Many chefs learned their craft on the job, and not in a college. They worked with craftsmen (and they were mostly men) who took them under their wings and taught them what they knew. Once they had learned all there was to learn there, they would go to another place to learn more or to take over a kitchen. Thomas Keller, one of the best chefs in the United States, began his career in a restaurant managed by his mother and continued his education in Europe where he worked at numerous well-known restaurants (Thomas Keller Restaurant Group, 2007). Joe Bastianich, restauranteur, winemaker, and now celebrity, did the same, after leaving behind a formal education (Bastianich, 2011).

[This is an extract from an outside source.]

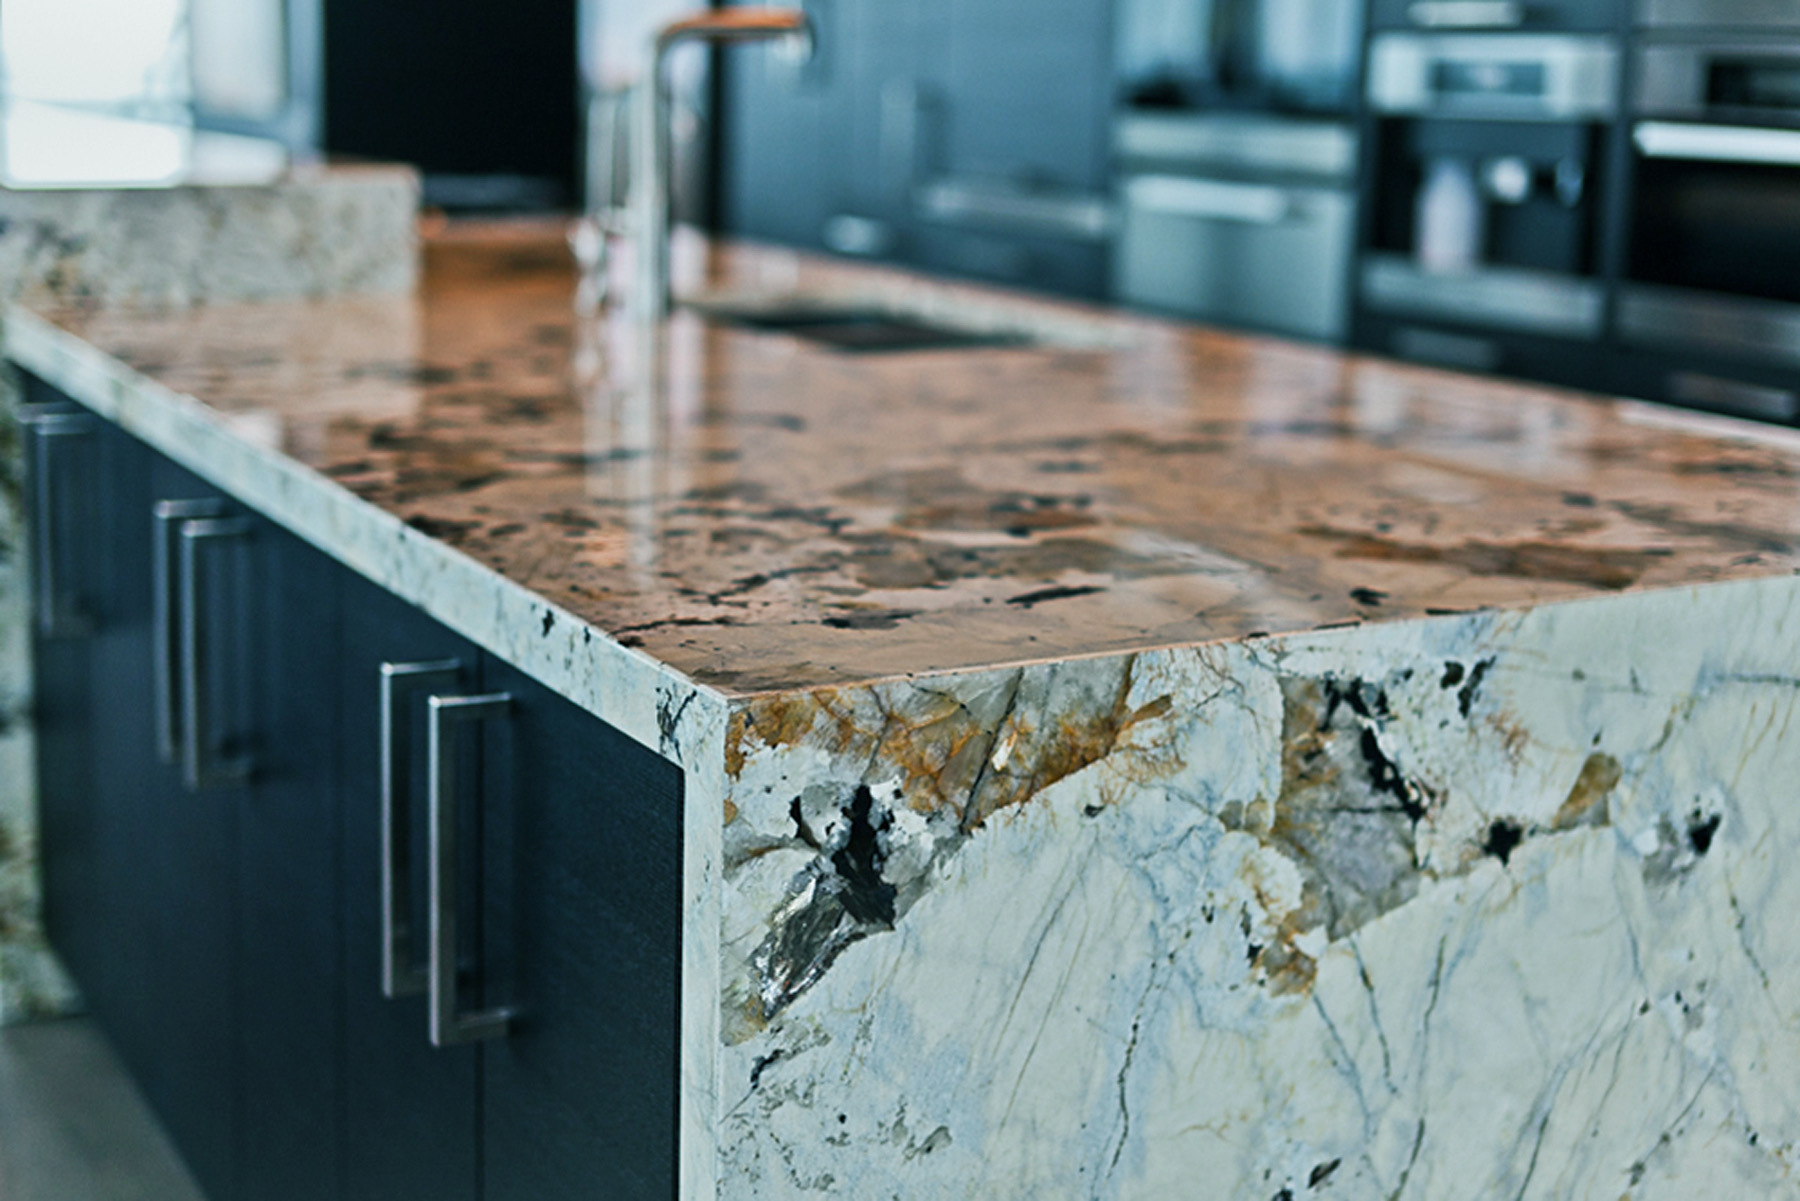 granite kitchen countertop in miami. Gray and brown kitchen island countertop.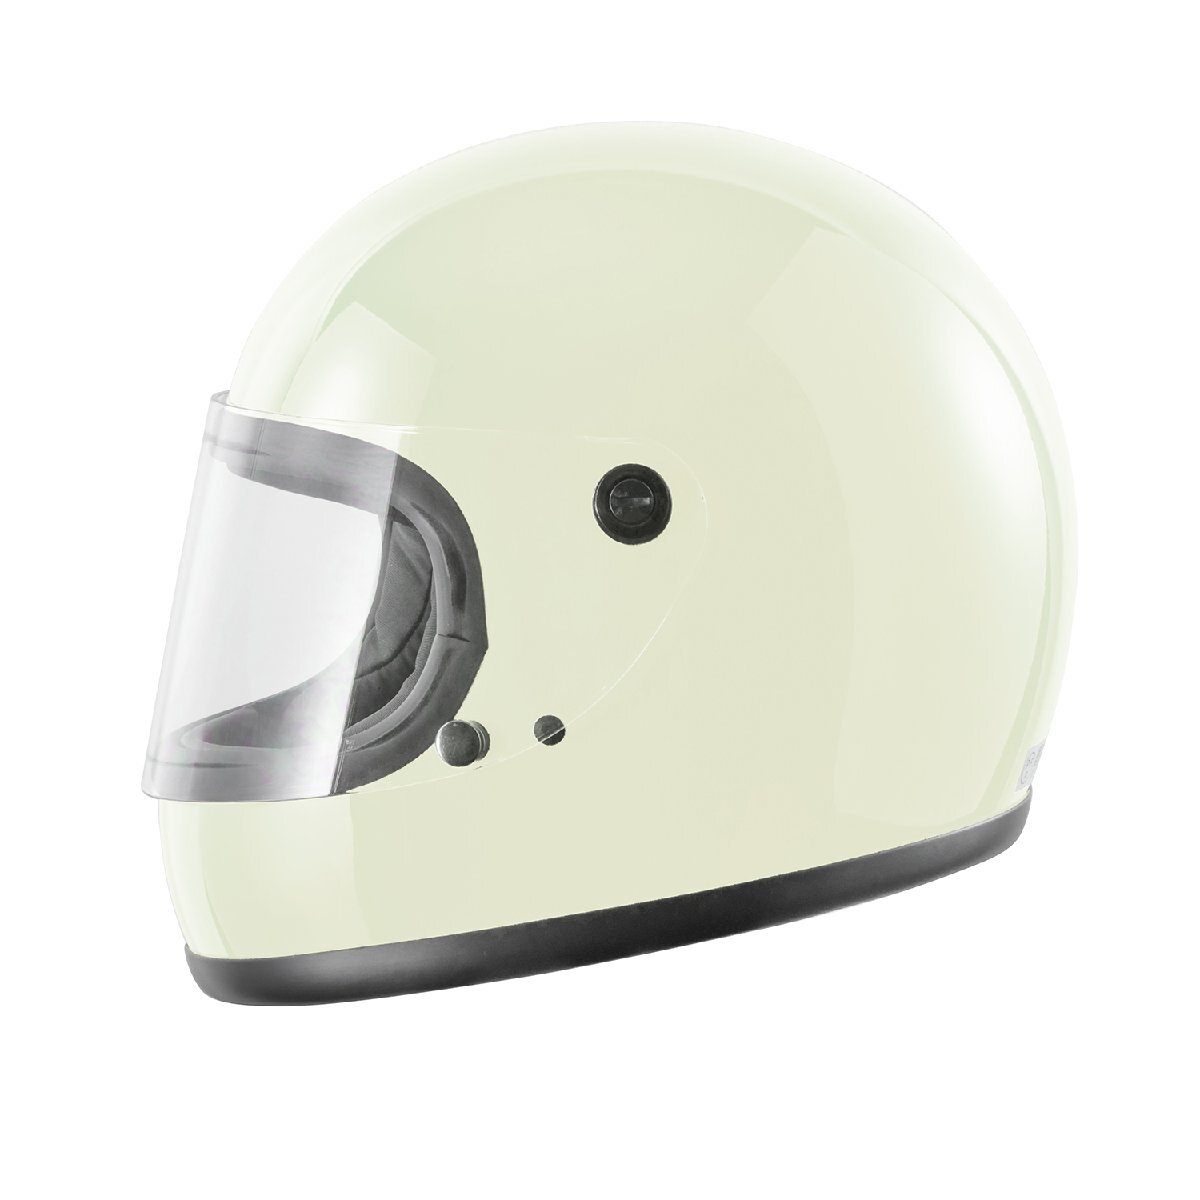 ヘルメット フルフェイス ホワイト ビンテージ レトロ 族ヘル 新品 SG・PSCマーク取得 全排気量対応 バイクパーツセンター_画像8

Today, culinary and food education are more popular, and more academic institutions have begun to offer degrees within food preparation, food science, and more recently food studies.

The cooking trade stood in sharp contrast to academe, which focused more on nourishing the mind. When food was discussed it was often in the form of agriculture studies, nutrition or food science. The food studies field has managed to convene academics with culinarians and restaurateurs and join forces to allow academics to study food and chefs and restaurant managers to study food with academic lenses.

With the professionalization of the foodservice and culinary field, the ongoing formalizing of Western culinary education, and the media attention and celebrity status brought upon chefs over the last few decades, opportunities exist for food scholars to work with aspiring and established chefs and foodservice operations.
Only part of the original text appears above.